Tim Burton’s favourite creature feature: “There’s a beauty to these films”

When you think of the word ‘gothic’ in relation to filmmaking, your mind immediately wanders to Tim Burton. The British auteur has turned wearing black into a billion-dollar industry, ensuring that moody teenagers have had posters to fill their walls for decades.

That’s probably incredibly reductive, but you get the idea. His best-loved movies transport the viewer to faraway lands or bring a little bit of the supernatural into the everyday. Either way, people go nuts for him.

As a result of his many forays into fantasy, Burton’s films contain a variety of weird and wonderful creatures. Edward Scissorhands is about a scientific experiment gone wrong, leaving a synthetic human with cutting implements for hands. The two Beetlejuice movies focus on a foul-mouthed, striped-suited demon, while his two adaptations of Lewis Carroll’s Wonderland novels are full of the strange oddities dreamt up by the author. By ‘dreamt up’, we of course mean conceived while off his nut.

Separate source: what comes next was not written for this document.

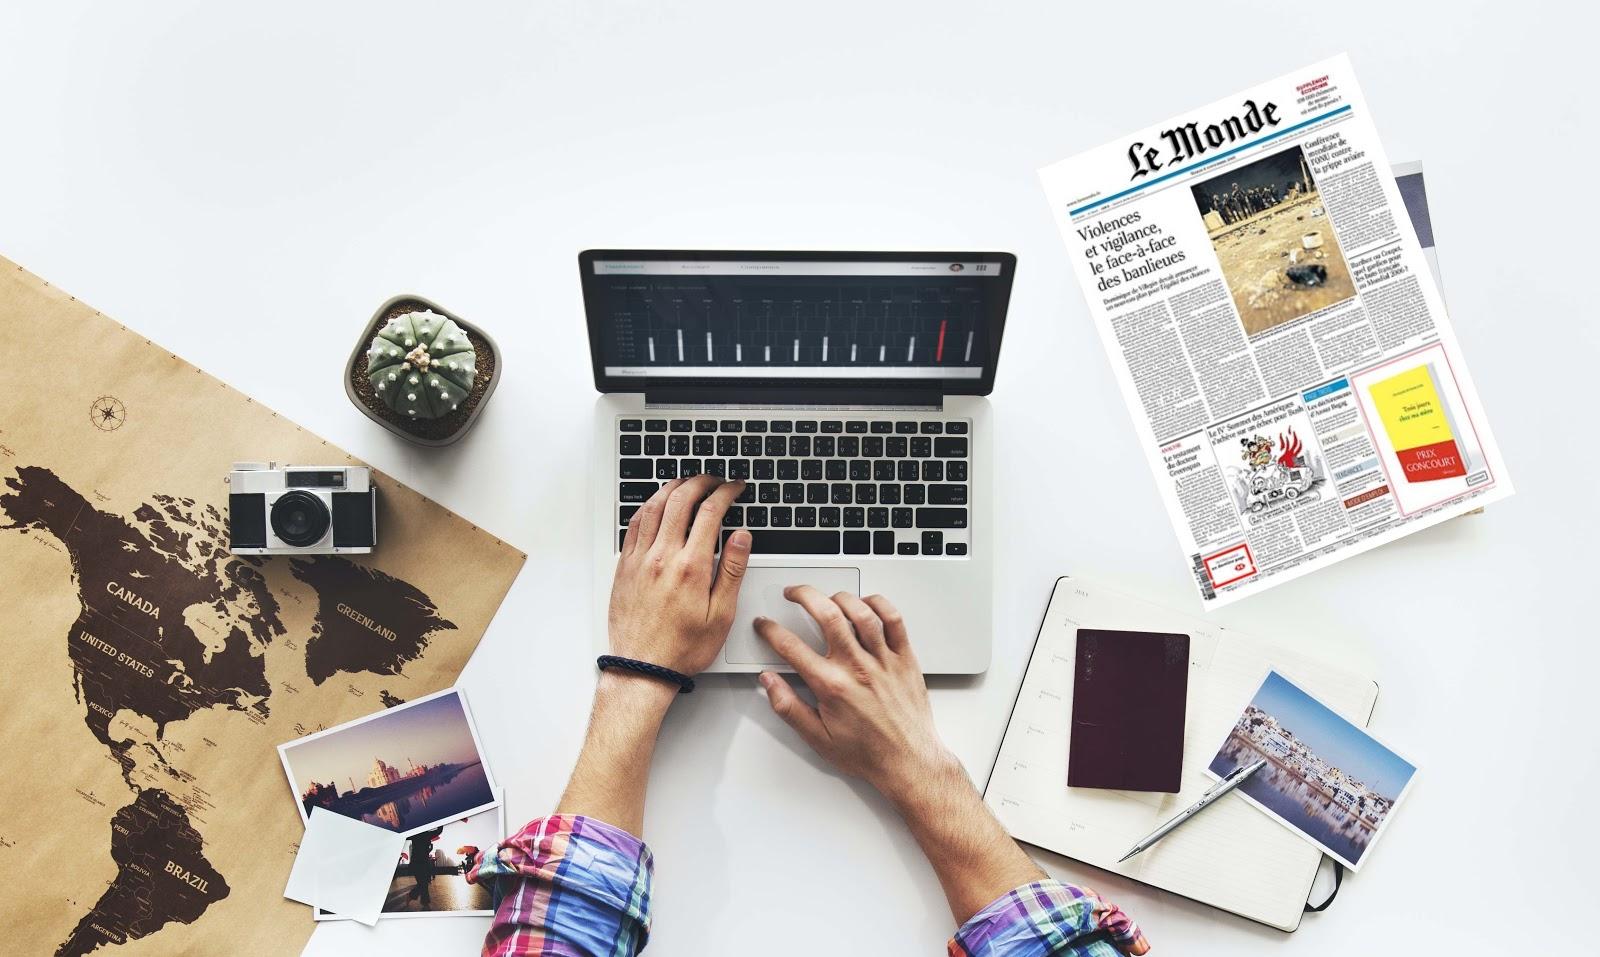 Comment résilier un abonnement au journal national Le Monde ?

It should come as no surprise that Burton is a fan of the good old-fashioned creature feature. A staple of the early days of horror, this subgenre focuses on a specific monster, pitting a gang of plucky heroes against the otherworldly force. Dracula, Frankenstein’s monster, the Wolf Man, and more built studios like Hammer and Universal. They’re not as popular these days, but there’s still a market for them through recent releases like Barbarian and Nope.

Burton’s creature feature of choice is the 1966 Japanese movie The War of the Gargantuas. The film, which was released in 1970 in the US, holds a special place in the director’s heart, as he explained to Rotten Tomatoes. “It’s my two-year-old daughter’s favourite movie,” he revealed, adding, “She’s the green gargantua and my other son is the brown one, and she loves being the bad green gargantua. She’s obsessed with it.”

Directed by Ishirō Honda, the man who made the first Godzilla movie, The War of the Gargantuas pits two giant kaiju brothers against one another. Yū Sekida’s Sanda is a benevolent brown monster who is brought in to fight off his evil clone, Haruo Nakajima’s Gaira, when he goes on a rampage. In typical nutty Japanese fashion, both creatures are descendants of Frankenstein’s monster. The film has become a major cult classic, with all sorts of famous faces showing love for it over the years. Burton’s daughter is in good company.

By his own admission, the director was also a fan of the film long before his offspring got involved. “I grew up watching Japanese science fiction movies, and I particularly, unlike most hardcore film people, like dubbed movies,” he continued. “There’s something about that language and the translation that somehow fits into the movie; it’s like a weird poetry. There’s a beauty to these films, the Japanese character designs, there’s a human kind of quality to these things, which I love. Monsters were always the most soulful characters.”

It’s easy to see the impact this reading of the movie has had on Burton’s career. Many of his most successful films put ‘monsters’— an obvious allegory for social outsiders—front and centre, imbuing them with an aura of humanity that few other filmmakers can generate. Let’s hope he can embody this spirit on his next purported project, a remake of Attack of the 50 Foot Woman starring Margot Robbie.